■ **EXERCISE INSTRUCTIONS**: Without pictures, output exactly the lines running from the line containing "Sivota Epirus Tourist Guide Nikana Gr" to the end of the listing below.

■ **SUPPLIED INFORMATION**:
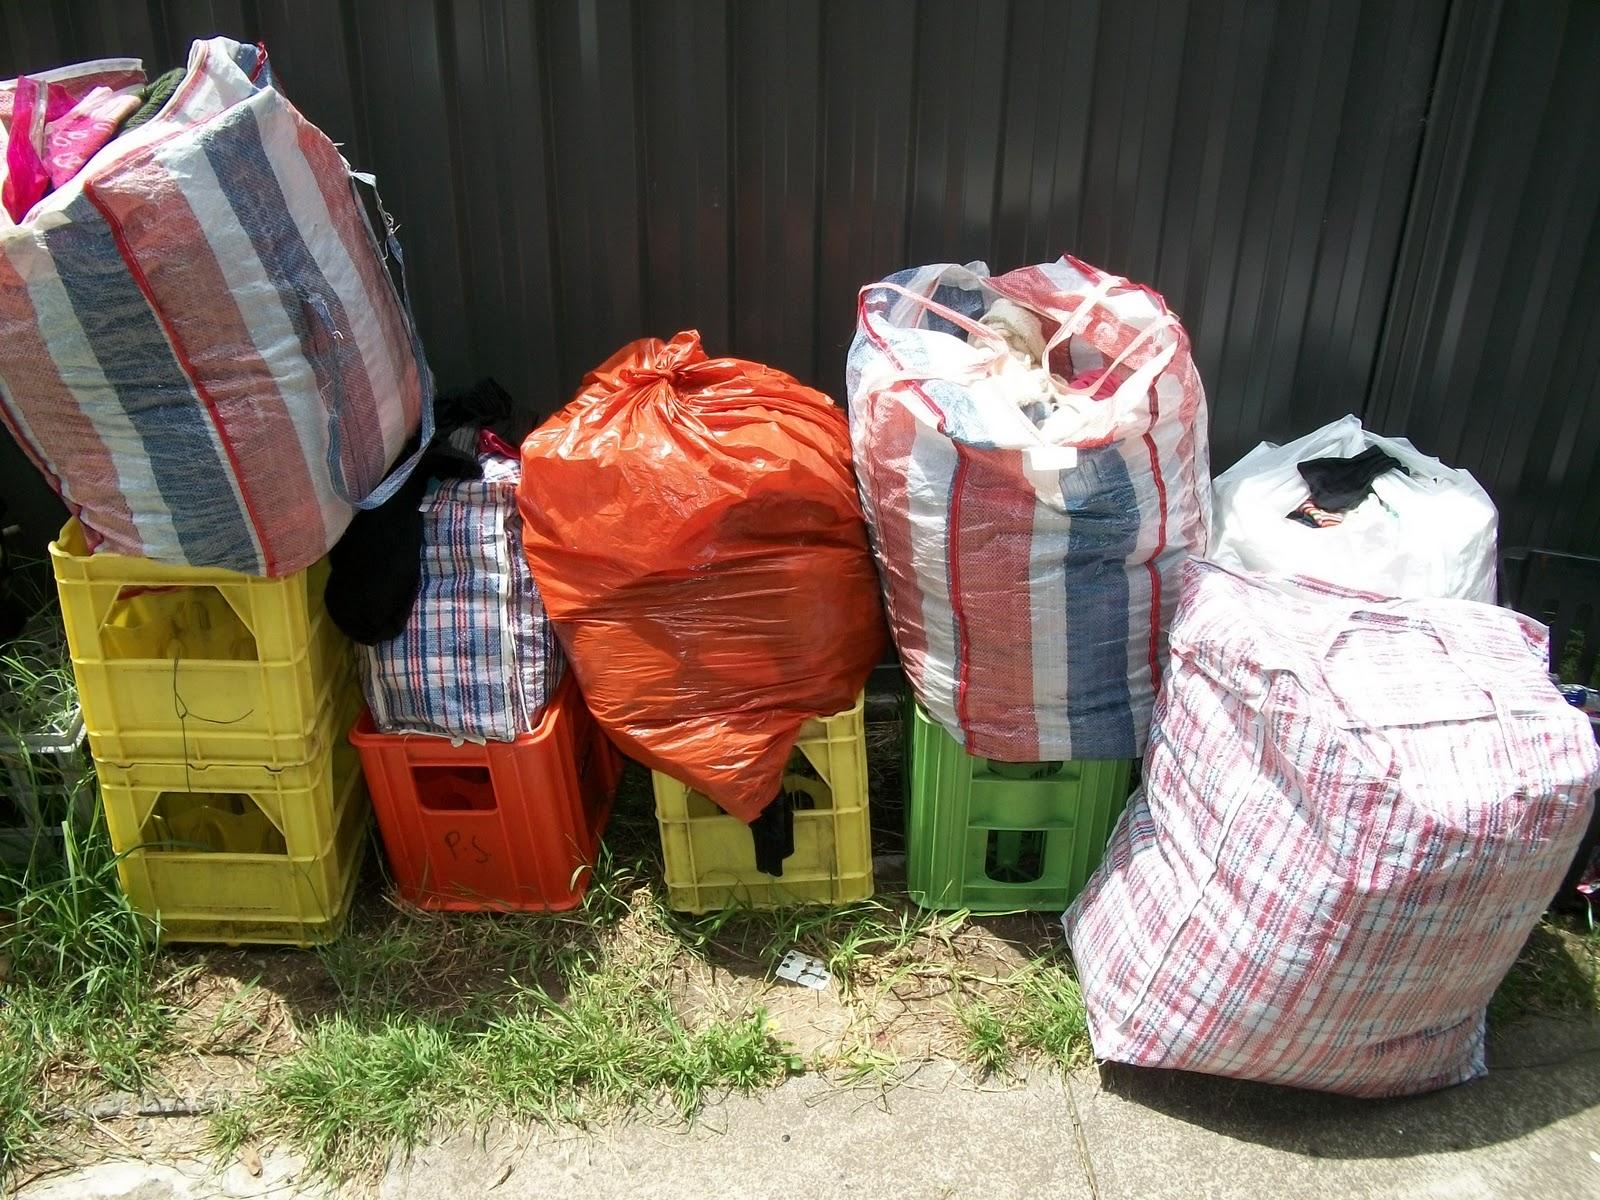 http://1.bp.blogspot.com/-JqcaQjhTbpo/TxvWjvm09BI/AAAAAAAAgjs/96aNhkUel4s/s1600/Salvaged+bags+of+clothes+01.JPG
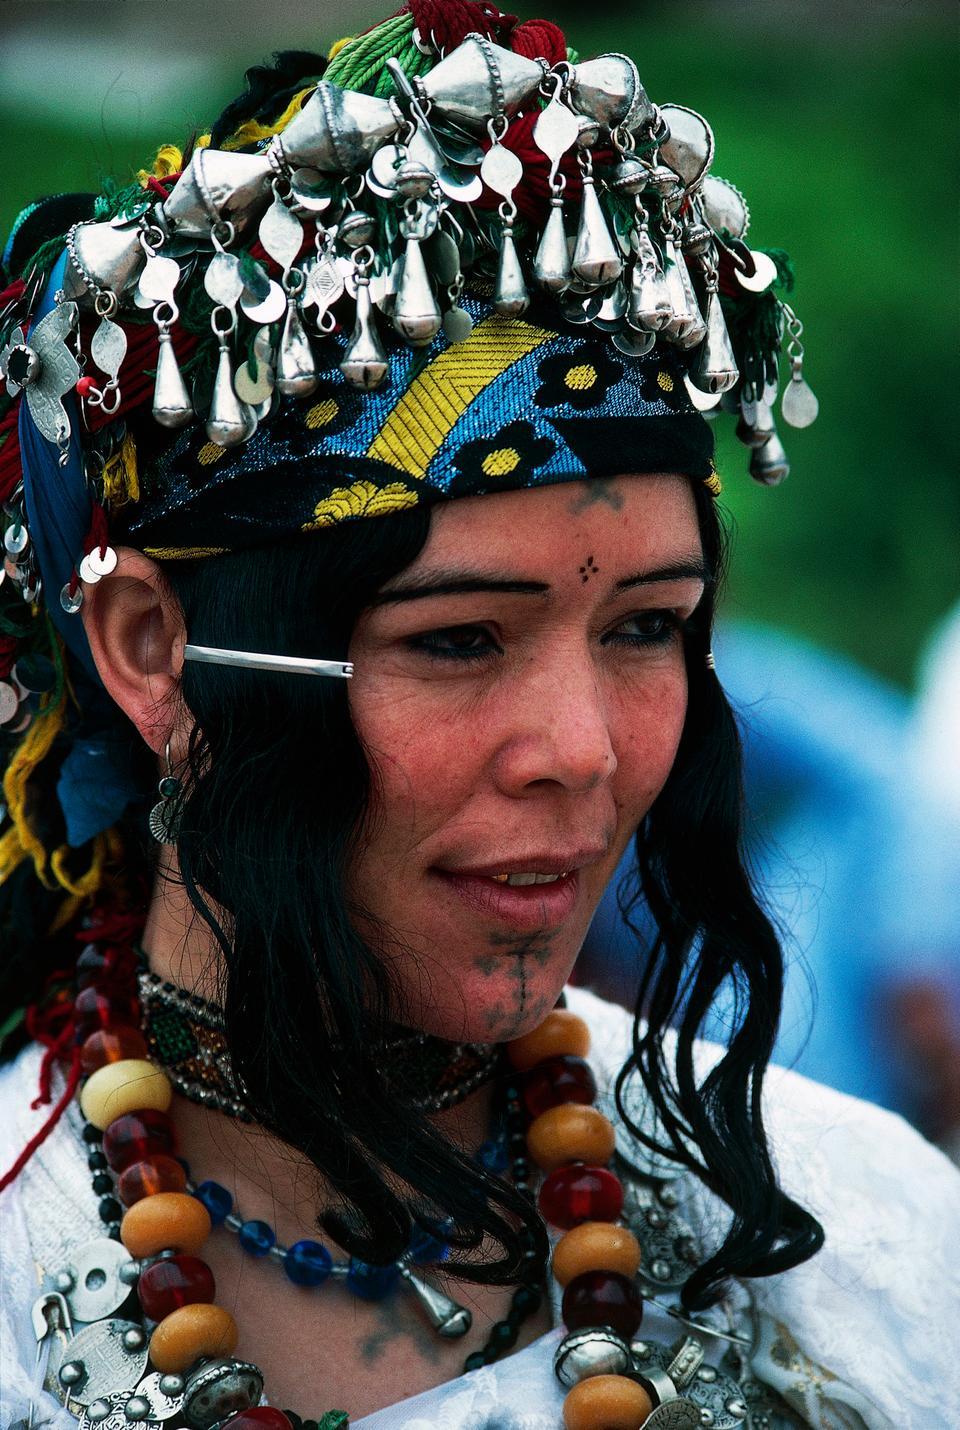 Berber woman wearing traditional costume and ethnic jewelery, Ait Bougmez, Morocco.
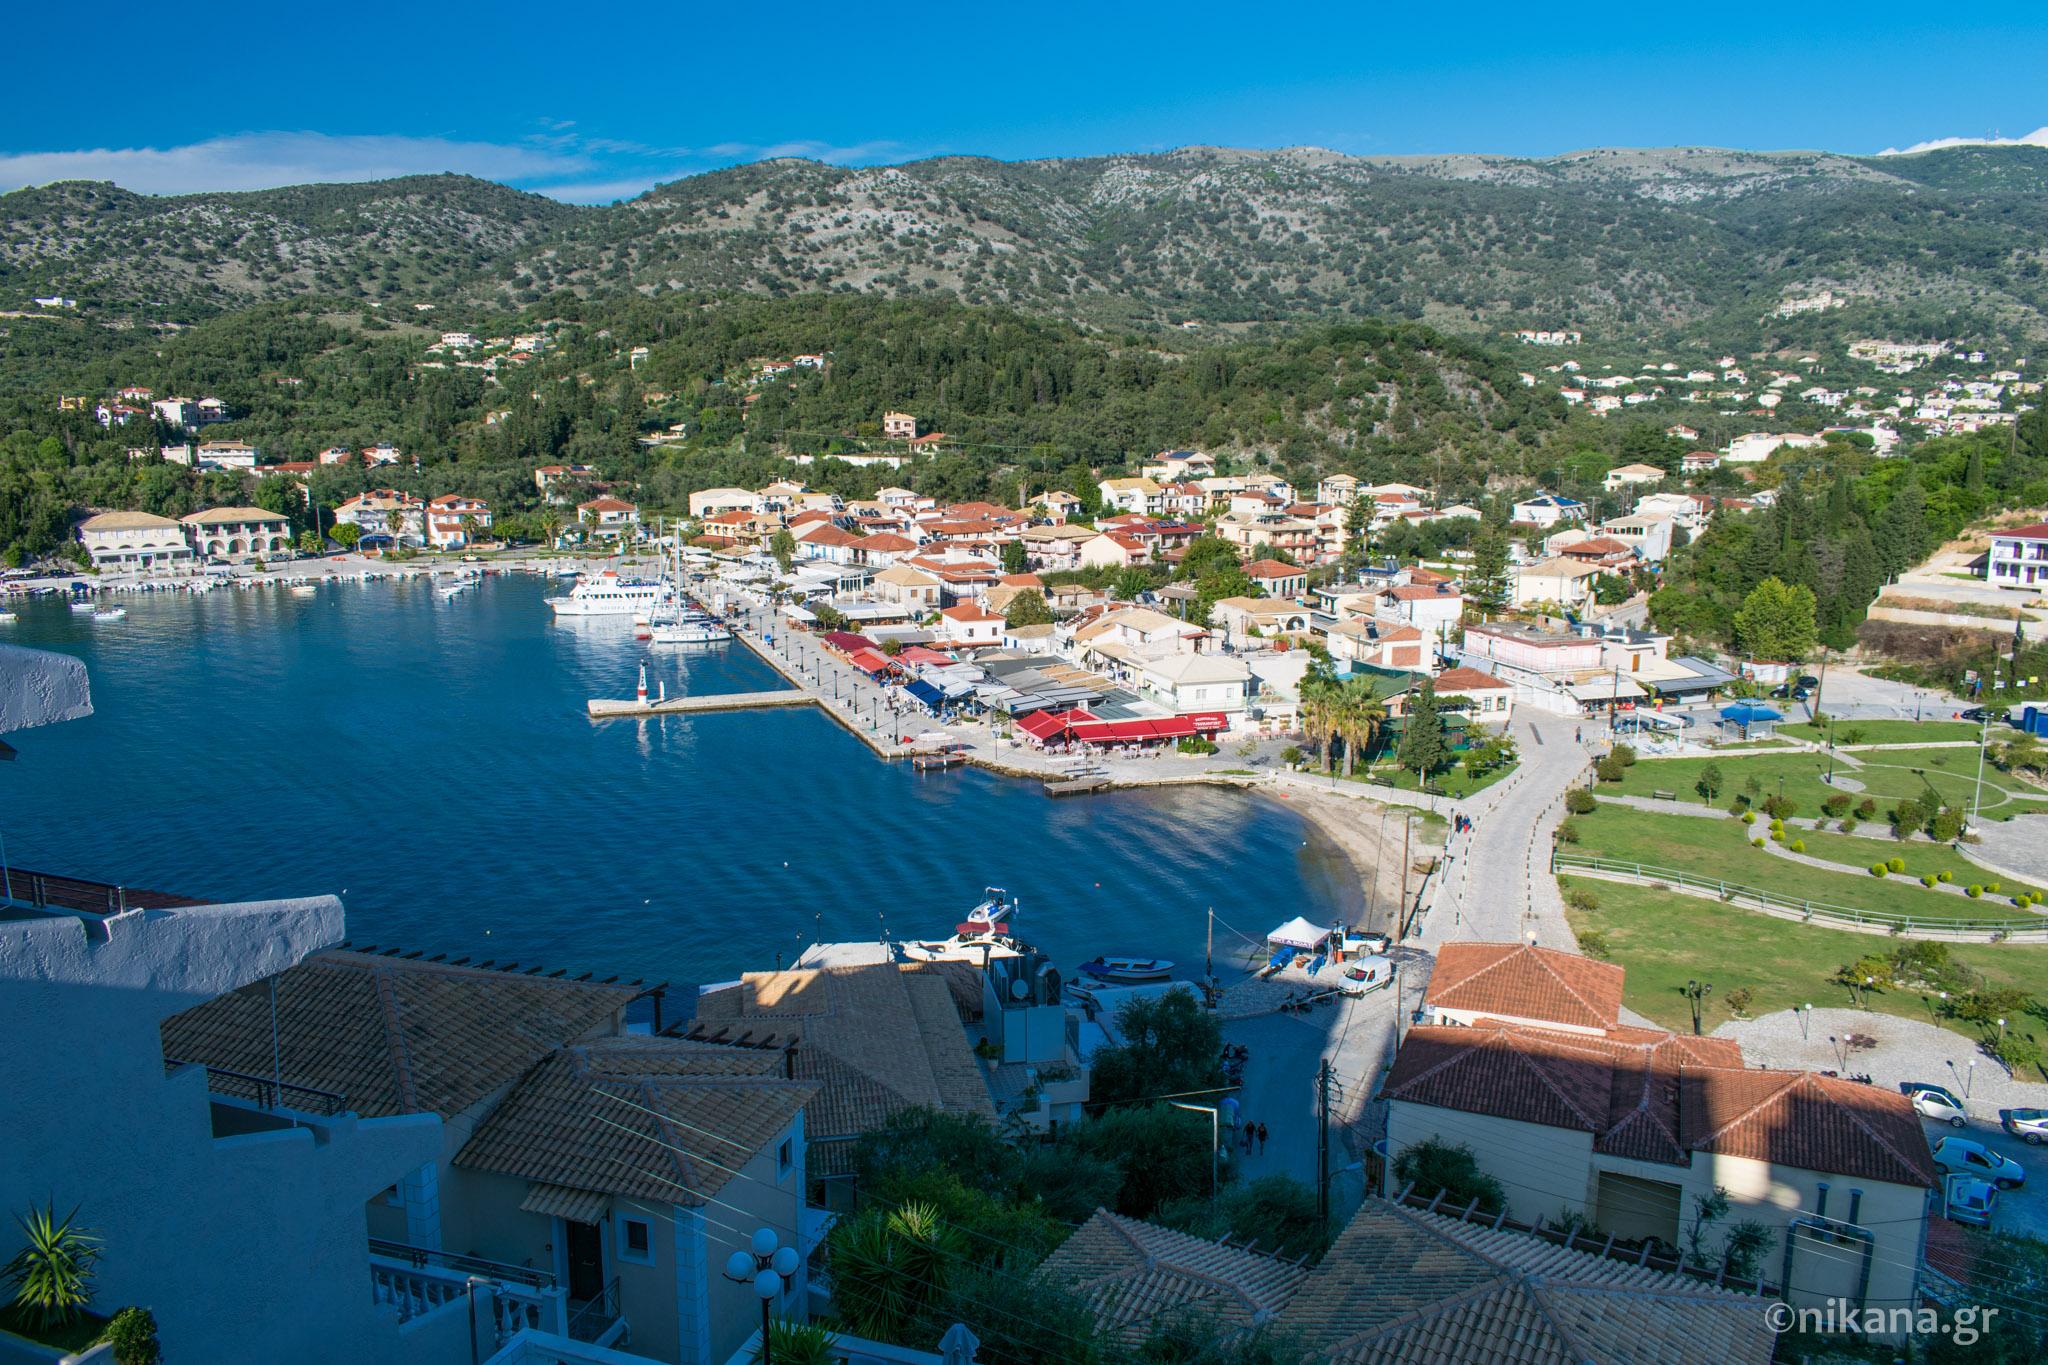 Sivota Epirus Tourist Guide Nikana Gr
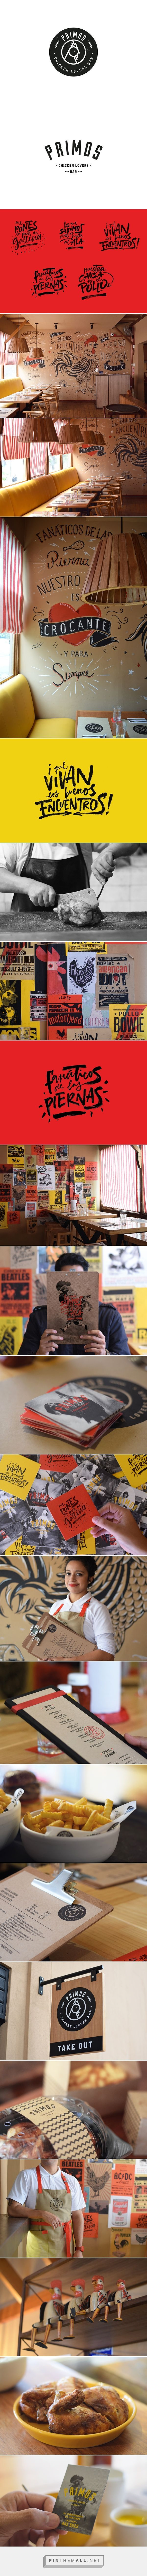 Primos Chicken Lovers Bar Branding and Restaurant Menu Design by Paloma Nieri | Fivestar Branding Agency – Design and Branding Agency & Curated Inspiration Gallery

■ **RESULT FOR THIS TASK**:
 Sivota Epirus Tourist Guide Nikana Gr
 Primos Chicken Lovers Bar Branding and Restaurant Menu Design by Paloma Nieri | Fivestar Branding Agency – Design and Branding Agency & Curated Inspiration Gallery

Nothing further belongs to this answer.